Alta quota come alta montagna

«In genere, gli aerei sono pressurizzati come se fossimo a 1.800-2.400 metri di altitudine. Noi non ce ne accorgiamo, ma per il nostro corpo equivale a essere in alta montagna: meno ossigeno, aria secca, e un salto di pressione atmosferica» spiega Alberto Benetti, direttore di Medicina interna -Alta complessità dell’Ospedale Niguarda di Milano. «Questo cambiamento può avere effetti anche su chi è in buona salute. Il problema più diffuso è il barotrauma, che può dare dolore alle orecchie, vertigini anche molto forti e fastidi ai seni paranasali. Chi ha il raffreddore o la sinusite può soffrire parecchio. In quel caso occorre masticare gomme o caramelle e deglutire spesso».

Acqua, movimento, fortuna

Ci sono poi i problemi di disidratazione, per cui bisogna ricordarsi sempre di bere molto. «Ma attenzione: non vino, superalcolici o caffè. Solo acqua» continua Benetti. «L’aria in cabina è molto secca e la disidratazione favorisce la coagulazione del sangue. E poi bisogna muoversi regolarmente: alzarsi ogni due ore, fare quattro passi nel corridoio. E se non si può, eseguire da seduti esercizi di estensione delle caviglie e rotazione dei piedi. Esercizi semplici, ma efficaci».

E non fa male affidarsi anche alla dea bendata: perché se la strumentazione non c’è, non ci resta che sperare nella presenza a bordo, magari, di un medico dell’emergenza. «Ho soccorso una persona durante un volo dall’Italia a Berlino» racconta Mario Guarino, vice presidente Simeu (Società italiana medicina di emergenza e urgenza). «Il paziente aveva avuto una sincope, l’abbiamo fatto sdraiare nel corridoio, ma a bordo non c’era nemmeno lo sfigmomanometro per misurare la pressione: l’ho trovato inaccettabile, dato che l’aereo è di per sé un ambiente “ostile”, per via della pressurizzazione e degli spazi ristretti.
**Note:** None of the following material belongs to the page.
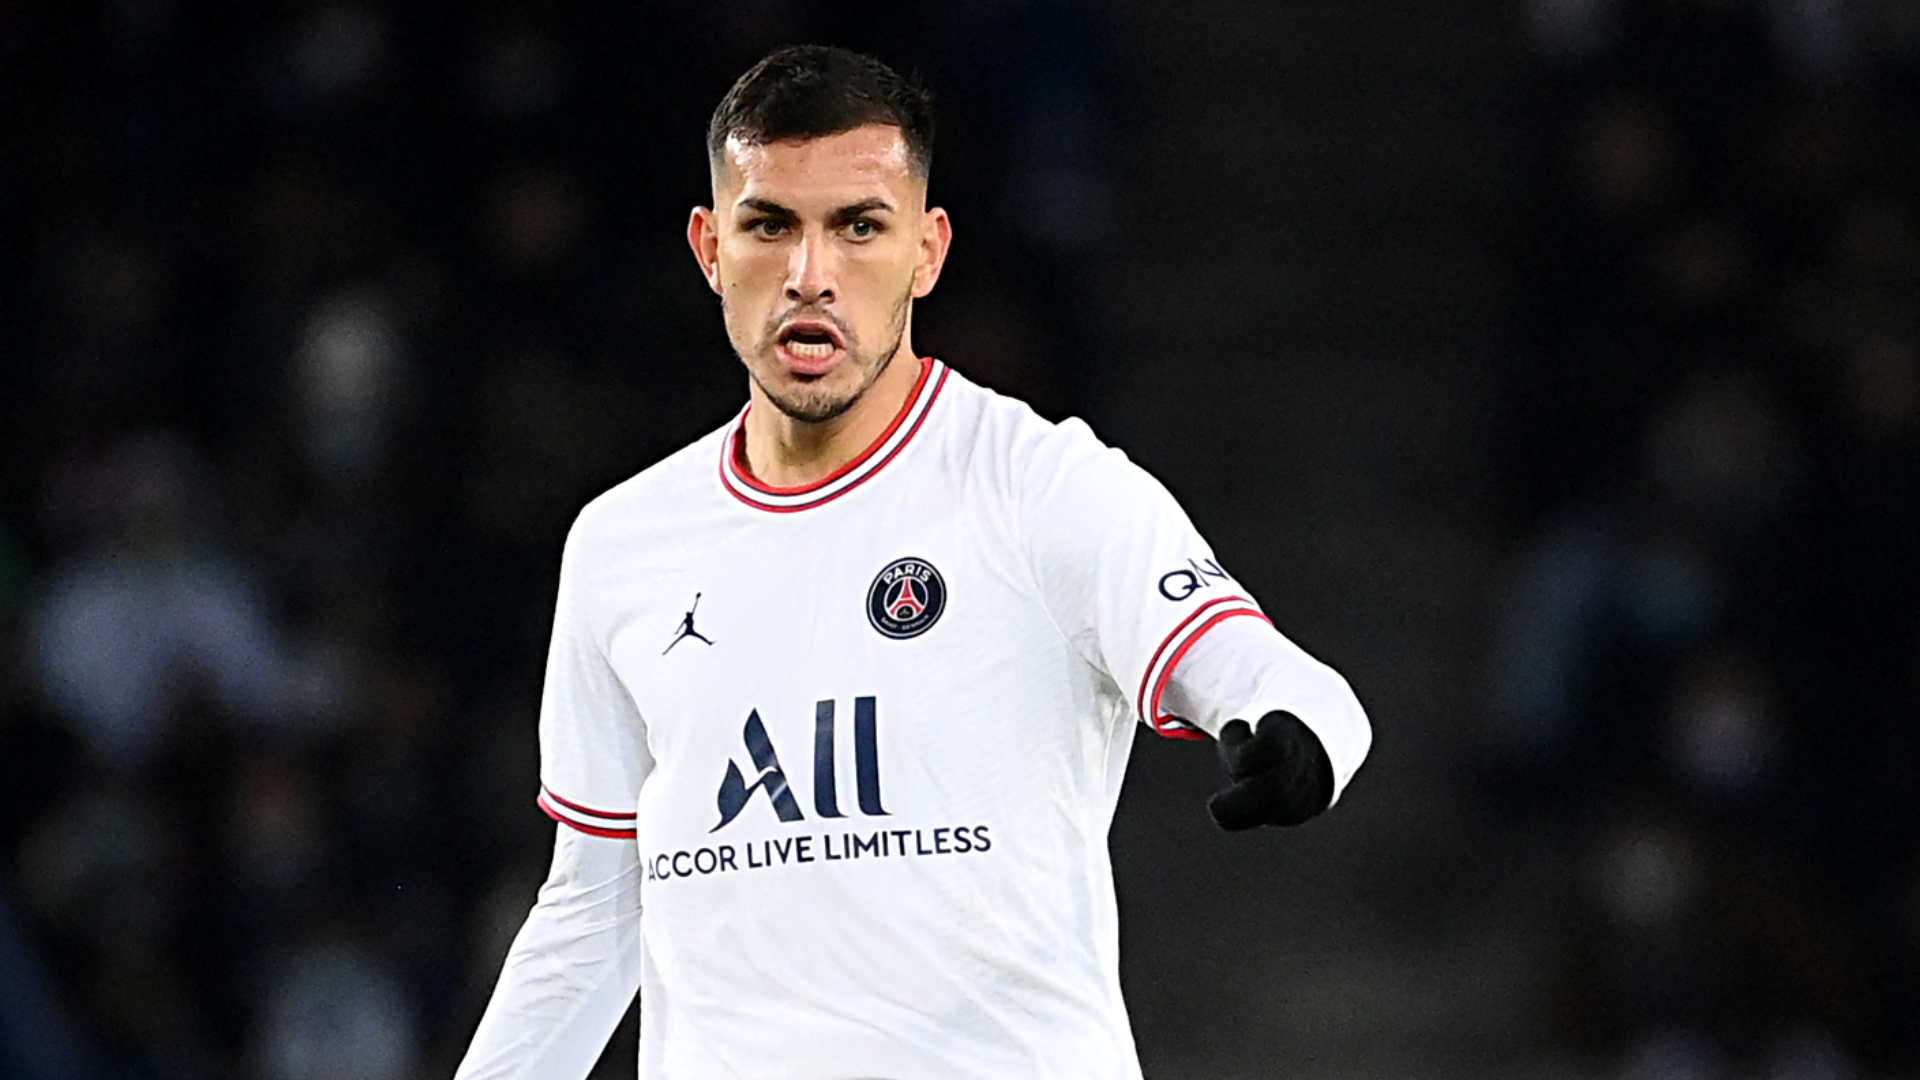 PSG midfielder Paredes dreaming of Real Madrid move | Goal.com

Far riprendere il passeggero non è stato facile, ma alla fine è andato tutto bene. Ora ci penso ogni volta che salgo su un aereo».

Anche perché il dovere deontologico è molto chiaro: se c’è bisogno, si interviene. Nonostante tutte le mancanze, l’ansia e l’ambiente ostile. Perché, a 10 mila metri, anche un solo medico che si alza per soccorrere chi sta male può fare la differenza.